Foundation Future Industries secures $24 million contracts from the Pentagon for humanoid robot soldiers, with support from Eric Trump and trialed in Ukraine.
TL;DRFoundation Future Industries, a startup based in San Francisco whose CEO previously led a failed fintech company, has obtained $24 million in research contracts from the Pentagon to evaluate humanoid robots for infiltrating enemy positions. Two Phantom MK-1 units were dispatched to Ukraine in February for testing in logistics and reconnaissance. The company's chief strategy adviser is Eric Trump, which has led Senator Warren to label the contracts as "corruption in plain sight." Foundation aims to raise $500 million at a valuation exceeding $3 billion, but it faces a daunting production goal of 50,000 units by 2027, a significant increase from its base of 40 units, necessitating a 250-fold scaling up from approximately $21 million in current funding.

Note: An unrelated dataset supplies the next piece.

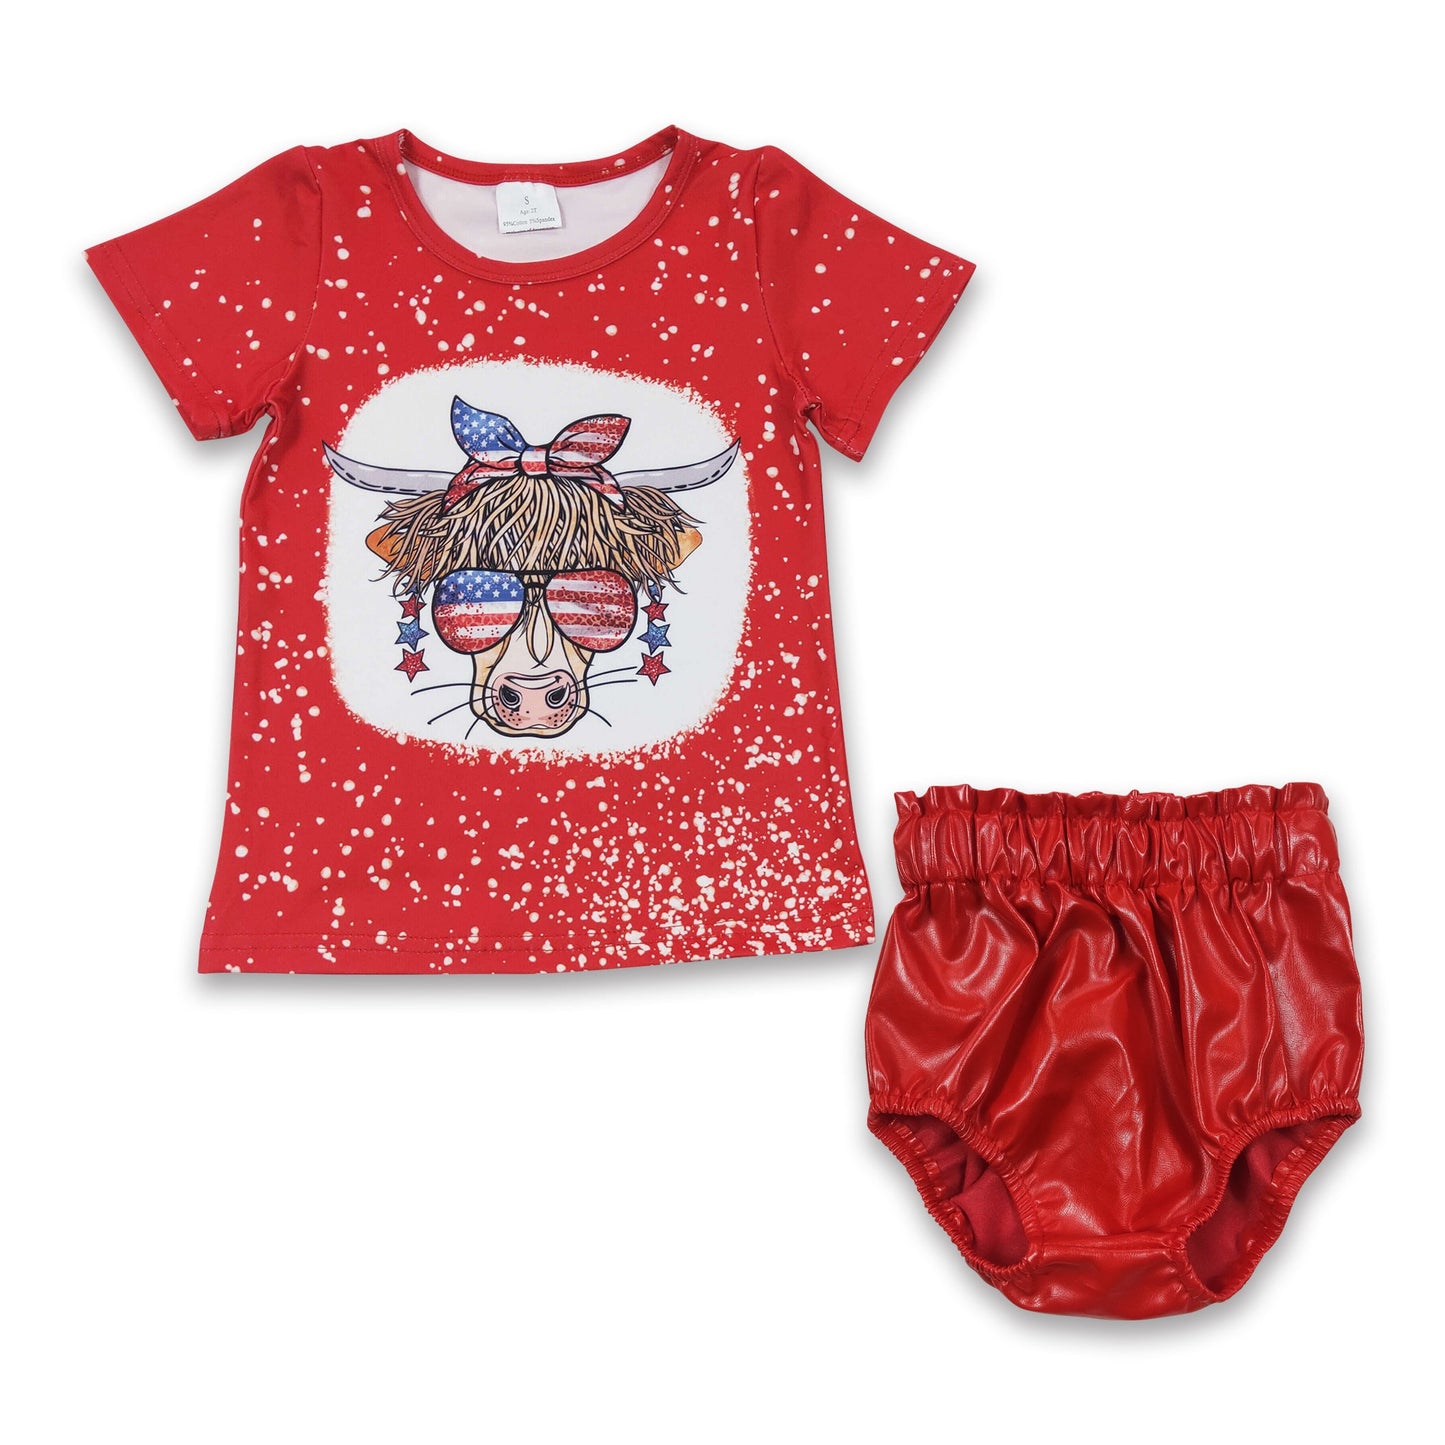 Highland cow glasses shirt bummies baby 4th of july set

Foundation Future Industries was established in April 2024 and has secured $24 million in research contracts with the US Army, Navy, and Air Force to test humanoid robots intended for breaching enemy positions. The Phantom MK-1 stands 5 feet 9 inches tall, weighs 176 pounds, features 19 degrees of freedom in its upper body, has five-fingered hands, utilizes a camera-first vision system, and employs an LLM-powered autonomy stack that balances independent and supervised operations. Two units were sent to Ukraine in February for logistics and reconnaissance tests, marking the first instance of humanoid robots being deployed in a combat setting. The company is seeking $500 million in new funds, aiming for a valuation of over $3 billion. Its chief strategy adviser, Eric Trump, the son of the current president, has prompted Senator Elizabeth Warren to raise concerns about the Pentagon contracts, describing them as “corruption in plain sight.” The CEO previously managed a fintech startup that went bankrupt, leaving millions in consumer deposits unaccounted for.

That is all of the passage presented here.